In a decade, direct federal aid to Baltimore has dropped, in constant 1980 dollars, from $199 million to $61 million. It's been a Republican decade. In sheer political terms, Ronald Reagan and George Bush understood that their strength was not in the cities. So turning their backs on those cities cost them exactly nothing in votes.

But it's an act of self-destruction. A decade ago, this city was celebrating its own rebirth. The infusion of federal money had helped rebuild downtown, helped bring neighborhoods back from the grave. Doesn't anyone in Washington understand the glow which burned from that, which spread across the state? Doesn't anyone understand that 10 years of neglect now move cities like Baltimore back to the edge of the grave?

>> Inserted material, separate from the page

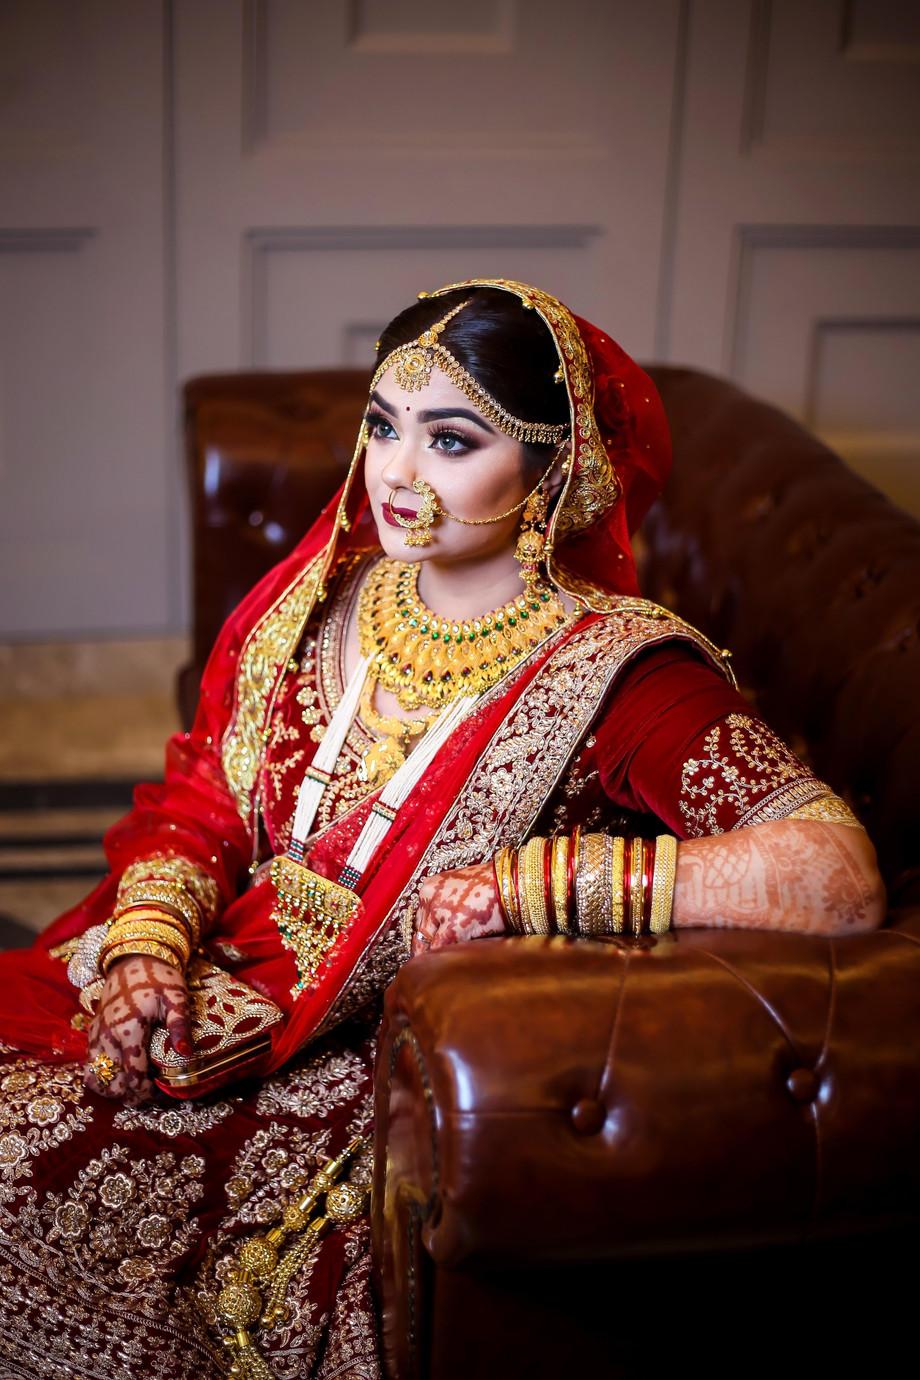 attractive-bangladesh-beautiful-2106685.jpg

''We're not the president's constituency, I guess,'' Schmoke says now. ''His votes aren't here. My gut feeling is that we're an extremely low priority to him, because of politics. And that's terribly frustrating. European countries get money, and we get frustration.''

The frustration is beginning to show on the mayor, but he's a little uneasy talking about it. Yes, he says, he was pretty emotional in Carroll Park. He kept thinking about the pain that is coming.

''But,'' he says, ''I was tired, too.''

He's rationalizing his public show of passion, and therefore missing the point. This is the time for anger, not for veils of cool. The time for politeness is past. Battles for power are waged not only along moral lines, but over which sides makes the most convincing pitch to mass media.

That's why yesterday's Save Our Cities march was so important. Others, involving more cities, are to follow. The idea isn't merely to make a case to the man in the White House. He already knows the case, but chooses to ignore it.

The idea is to embarrass him, to make the case for people across America opening their newspapers and turning on their television sets: It's worse in the cities than they know. It's getting dangerous here, and the danger can only spread outward.

''We have to cut 14 library branches,'' Schmoke said, as his car sped between Washington and Annapolis. ''That pains me, in The City That Reads. I've already had to cut 2,000 positions in city government in the last three years. That's the direction we're heading.''

The words emerge in calm and measured tones, an echo of the mayor we've heard for four years. But maybe it's only a pause. Maybe it's a new mayor emerging now: one with his anger on his sleeve, his passions out in public, a man who understand the emotions of the job along with the gray, administrative side of it.